15 Jul July 2016 HL Quarterly Update
Introduction
We at Hanba Lazar know that our clients need to be kept up to date with regard to changes in the law that affect risk management. Hanba Lazar presents this Quarterly as our remaining commitment to provide you with up to date legal opinions and professional best practices.
Bicycling and baseball remain all-time favorites. We would invite all of you to attend this year’s annual Lugnuts baseball outing. This will take place on Saturday, August 20th. Please join us for an event of dinner, baseball and fireworks. To reserve your place, please RSVP to Amy at amy@hanbalazar.com. Additionally, we are again sponsors of the Ability Tour this year (July 16, 2016). The Ability Tour is an inclusive, bicycle ride dedicated to raising awareness of people of ALL abilities. Proceeds from the Ability Tour will go toward equipping other recreational events with the resources and accommodations to make events more accessible to all individuals. Enter our official clients and friends promo code HANBALAZAR to receive a 100% registration discount.
We are privileged to enjoy the partnership that we have and continue to form with our clients.
Indefinite Light Duty
Plaintiff Frazier-White worked as a community service officer. She was injured in a work-related accident and was placed on light duty. Defendant employer’s policy was to reserve such light duty assignments for people with temporary disabilities however, and the employer required re-certification of light duty status every 270 days. Near the end of the 270 day term, Plaintiff simply asked for a light duty extension, but would not consider applying for another position, and would not estimate when she could return to full duty. As a result, she was terminated.
Plaintiff sued Defendant for failure to accommodate her disability under the ADA. The case, Frazier-White v. Gee, No. 15-12119 (11th Cir.

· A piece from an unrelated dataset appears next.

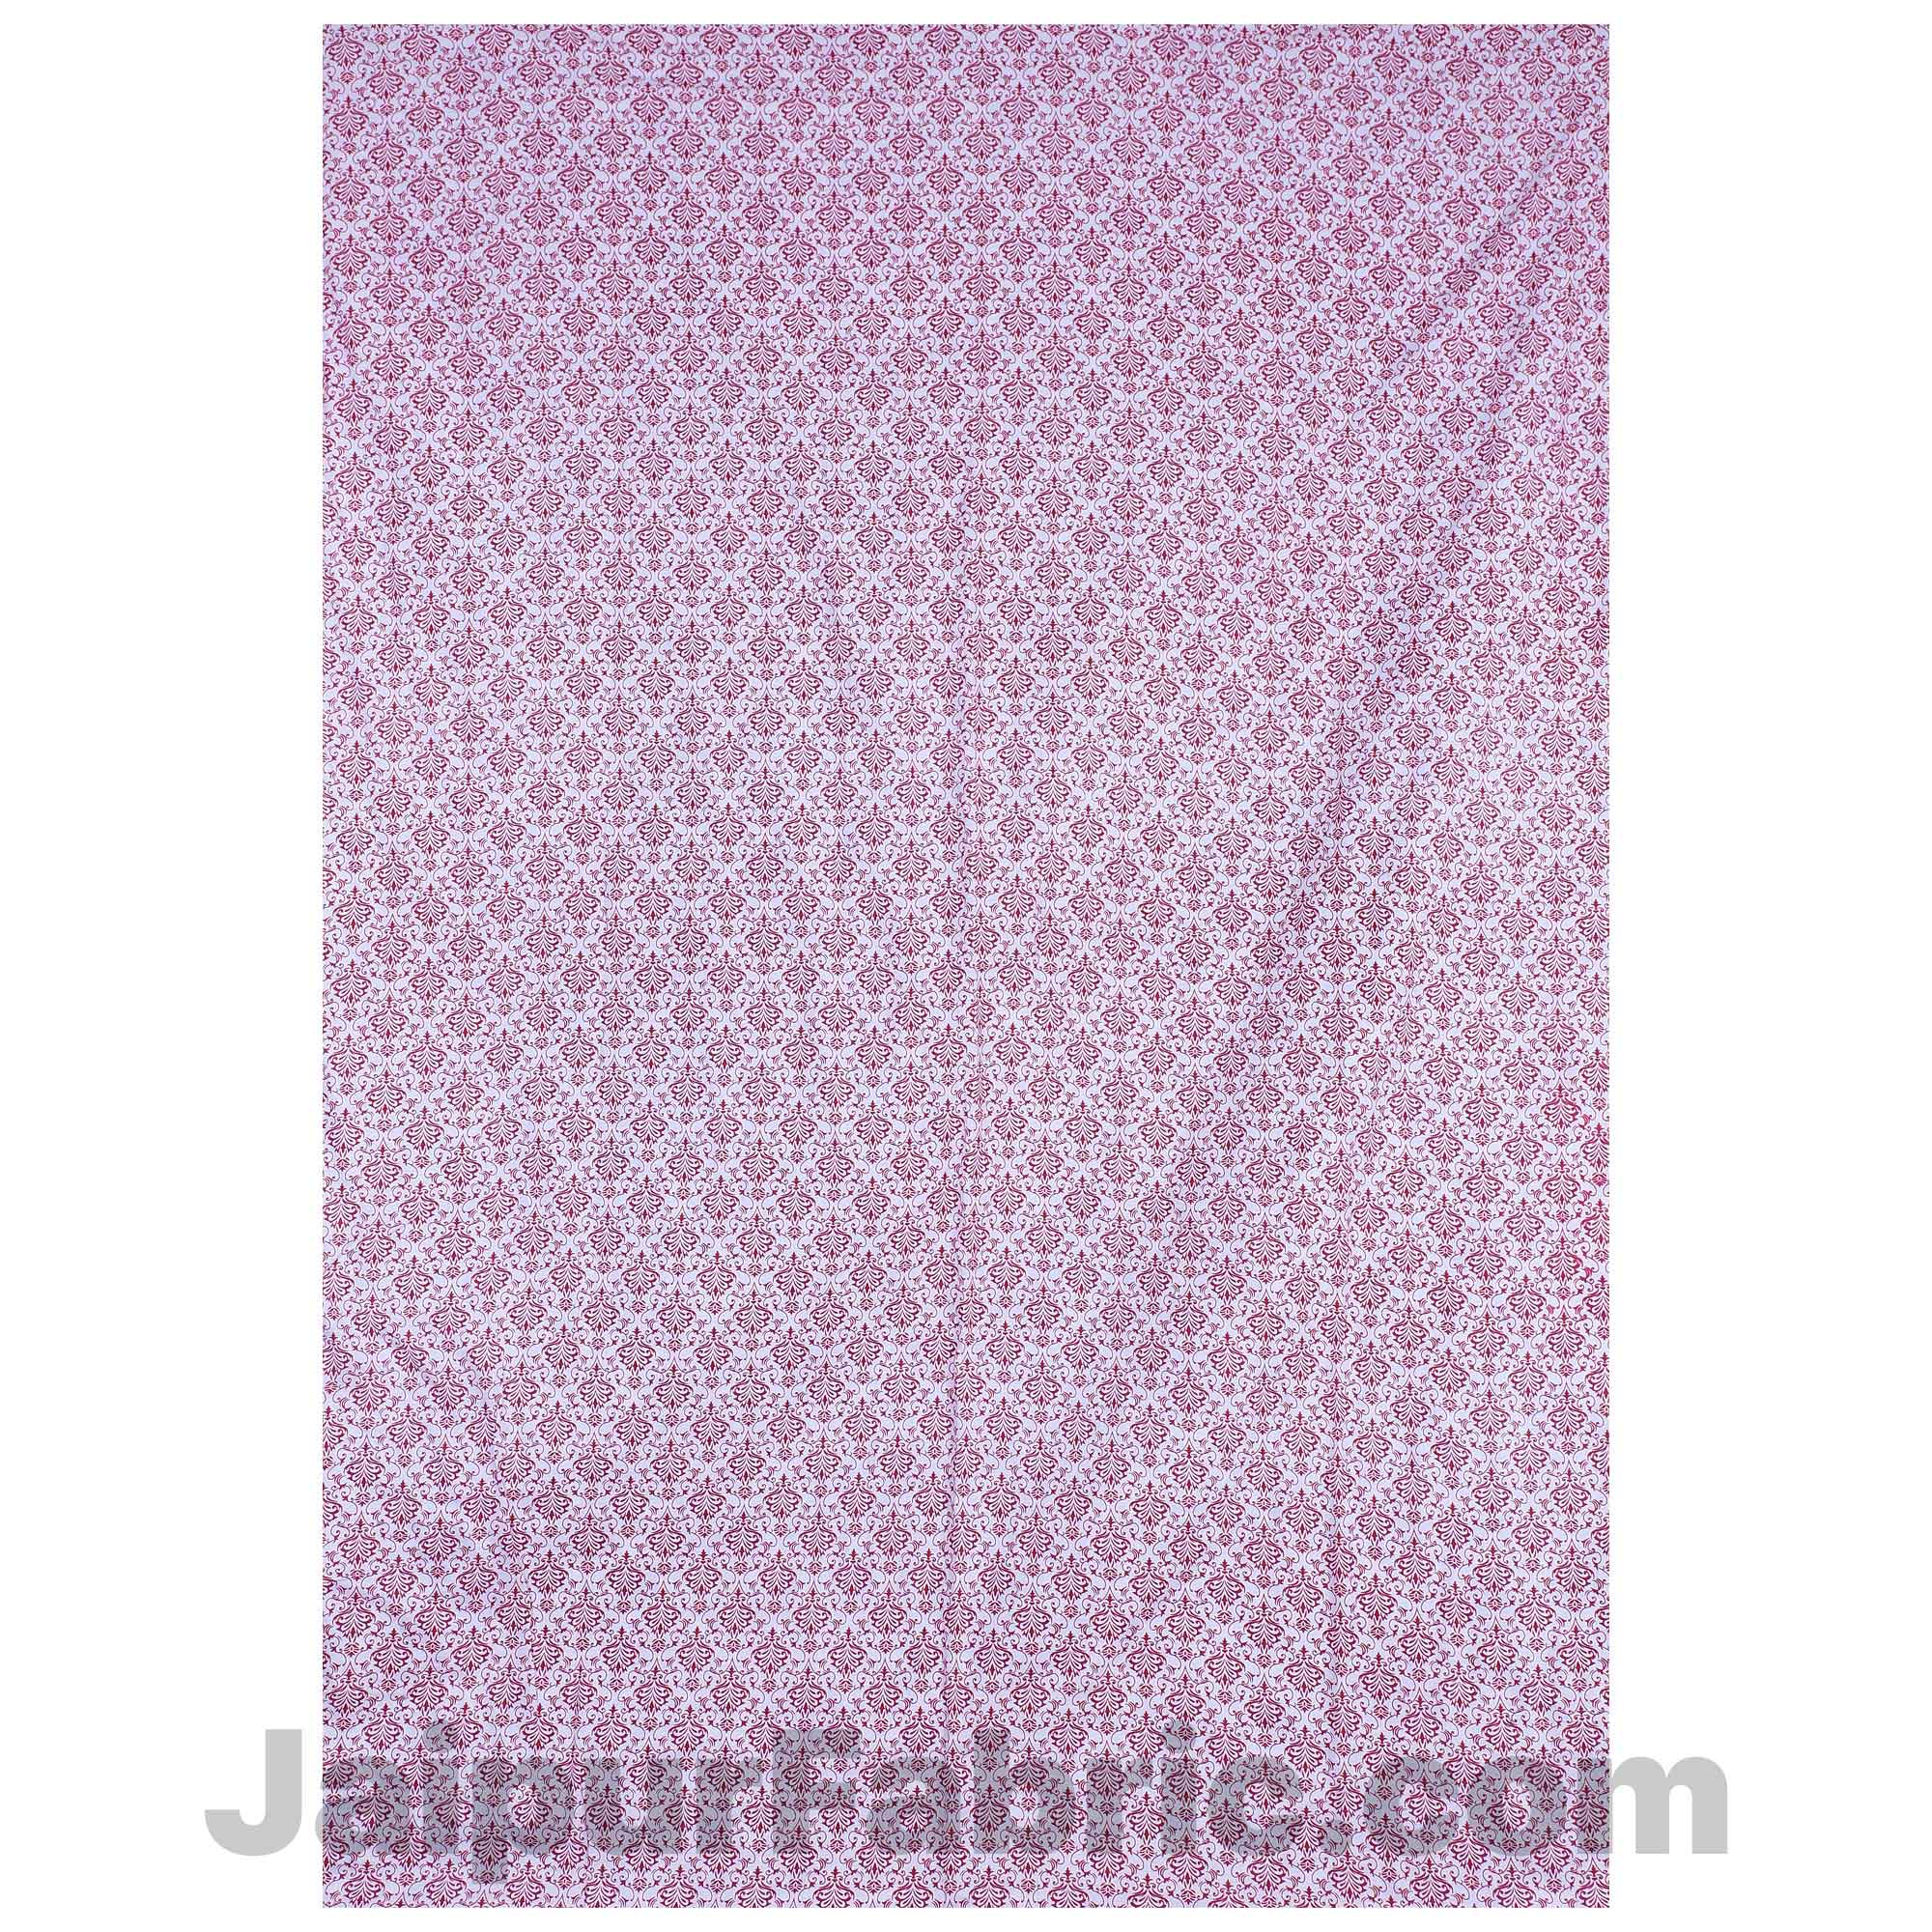 Pure Cotton Refreshing Floral Reversible Single Bed Blanket/ Duvet/Quilt/AC Dohar

April 7, 2016), eventually made its way up to the 11th Circuit. There, the court held that indefinite light duty is not a reasonable accommodation. Further, the court indicated that the Defendant had engaged in the ADA’s mandated process of interaction with their employee, but because the only accommodation Plaintiff sought was unreasonable, her claim for discrimination must fail.
When an employee requests a light duty assignment, it’s important to remember:
· The ADA does not require employers to create light duty jobs if they do not already exist.
· The ADA does not require employers to allow workers with a disability to remain in light duty position indefinitely.
· Employers may need to provide reasonable accommodations to enable an employee to perform the essential functions of a light duty position.
· An employer may not force an employee into a light duty position.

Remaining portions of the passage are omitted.